Write out the data word for word, taking care that no picture is carried over.

● Provided data
# # # #
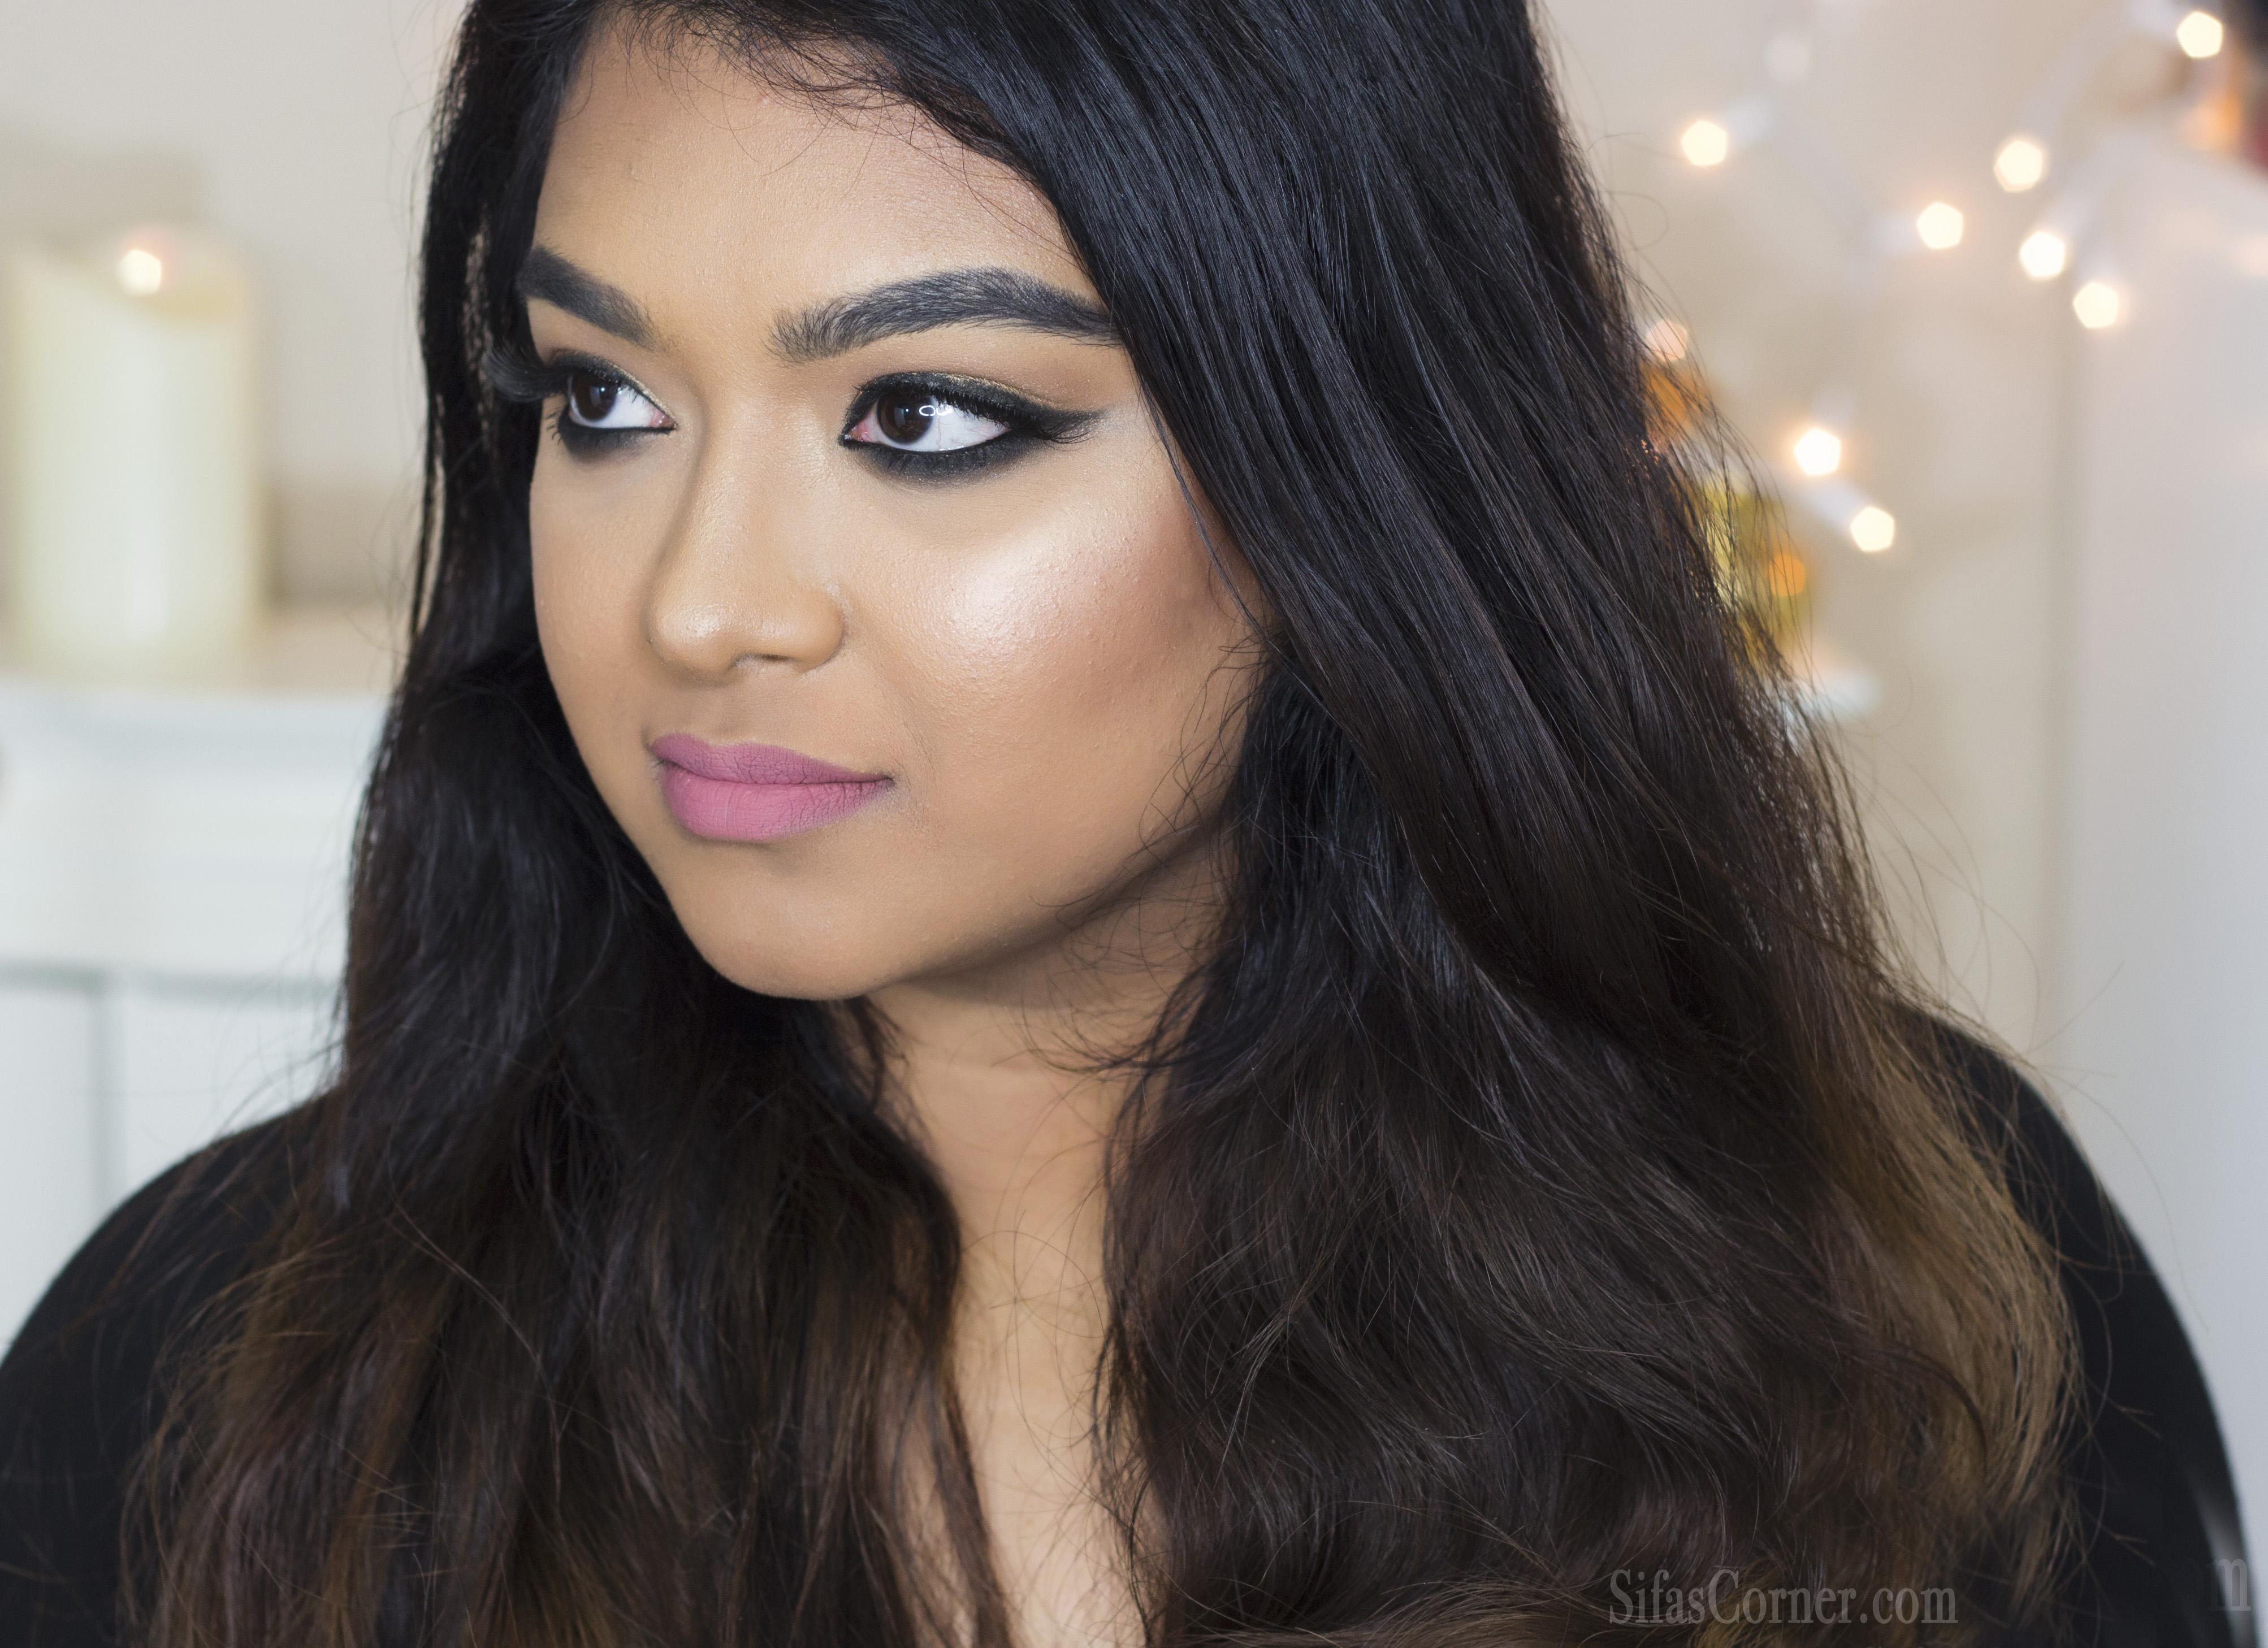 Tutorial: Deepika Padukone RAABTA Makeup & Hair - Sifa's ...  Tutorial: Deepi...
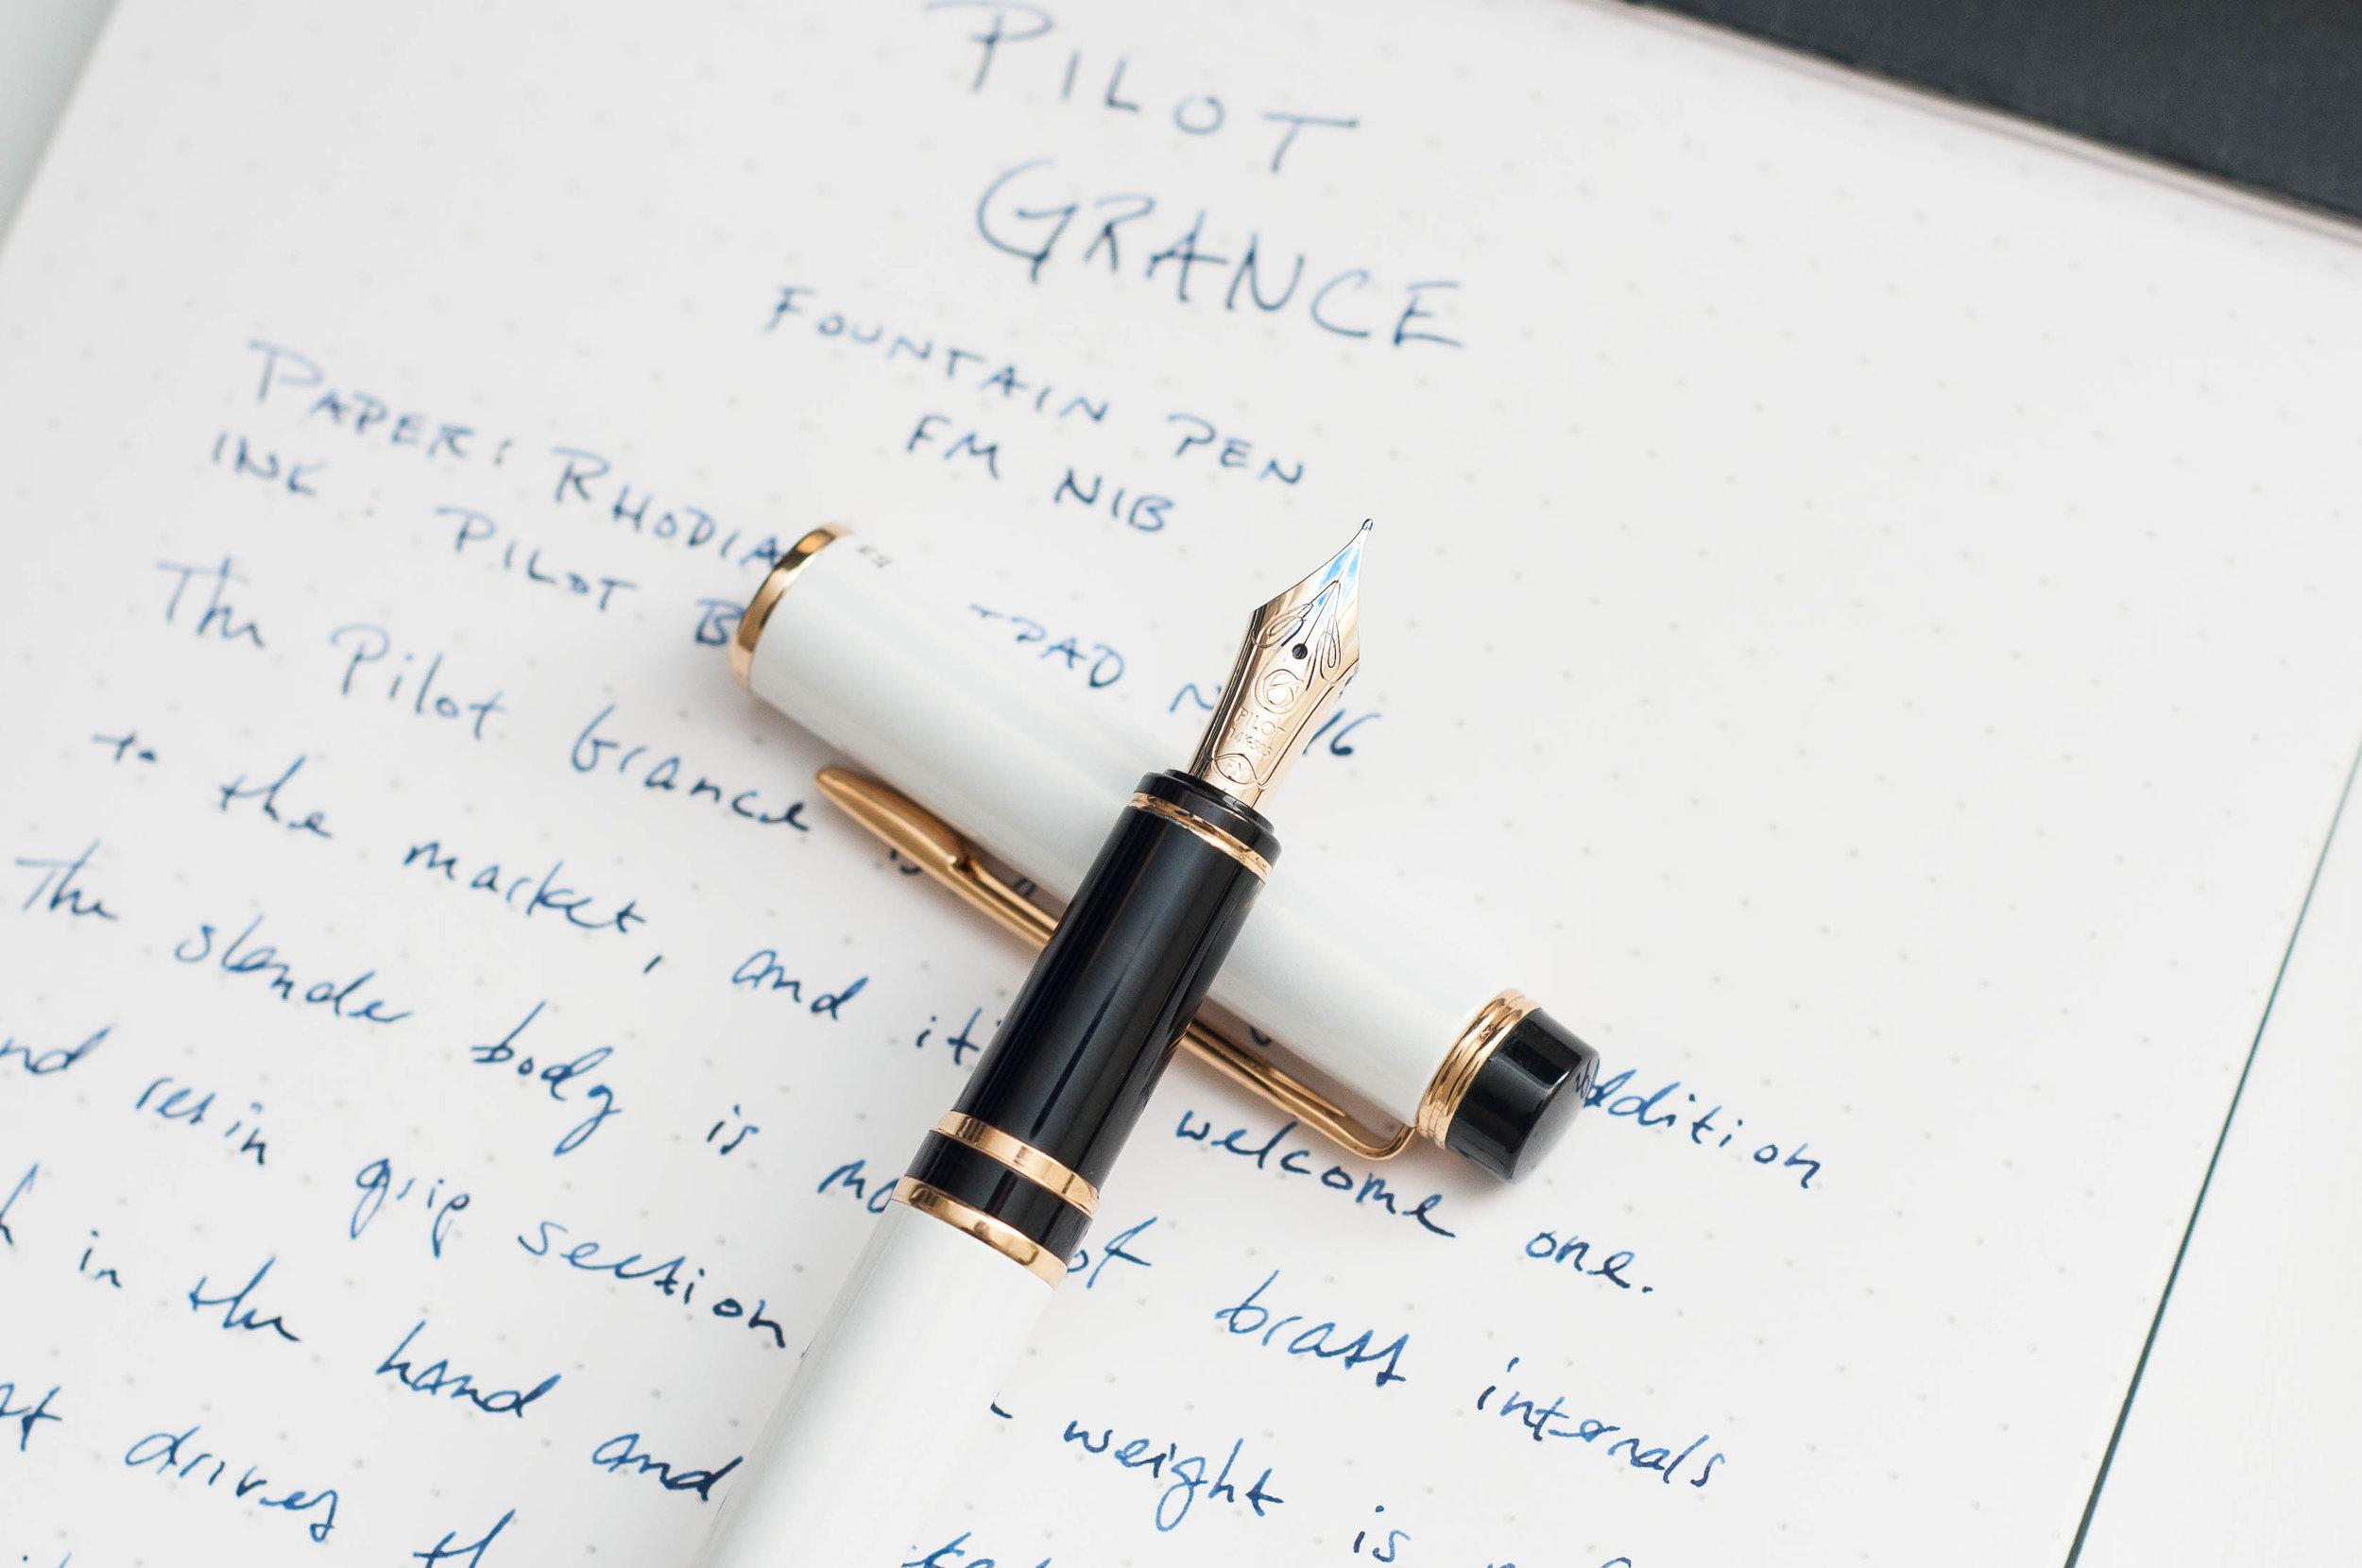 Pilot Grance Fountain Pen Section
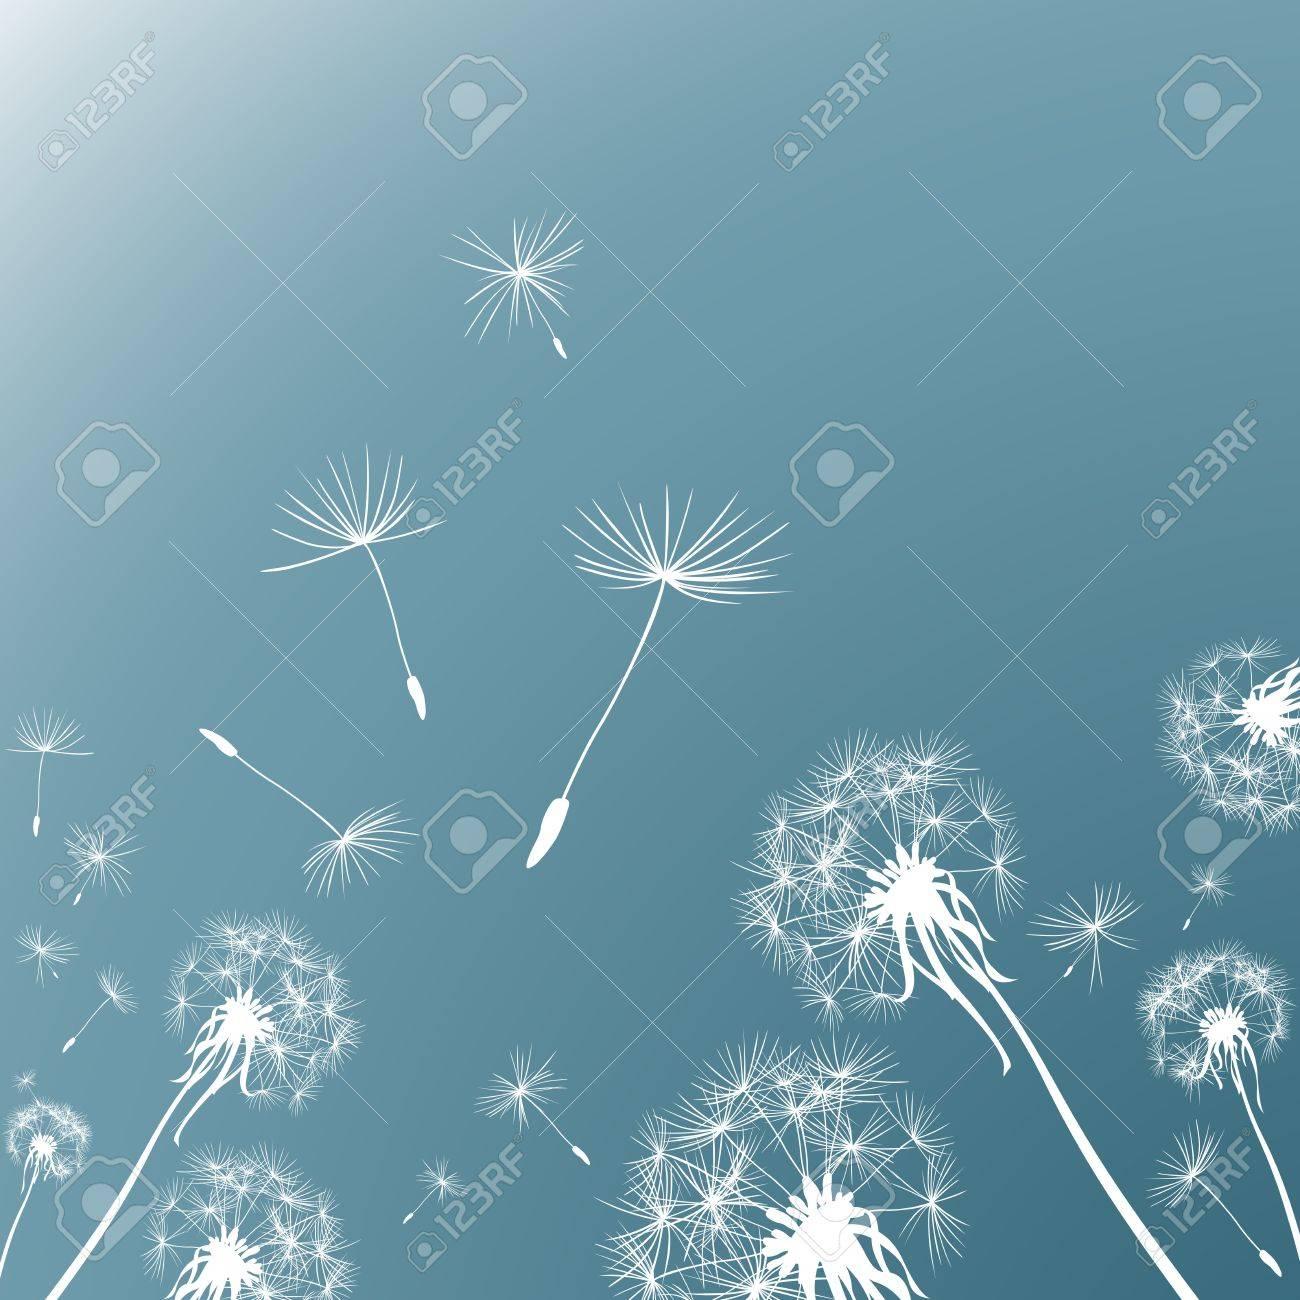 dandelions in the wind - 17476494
# # # #
● Reply to the task
 Tutorial: Deepika Padukone RAABTA Makeup & Hair - Sifa's ...  Tutorial: Deepi...
 Pilot Grance Fountain Pen Section
 dandelions in the wind - 17476494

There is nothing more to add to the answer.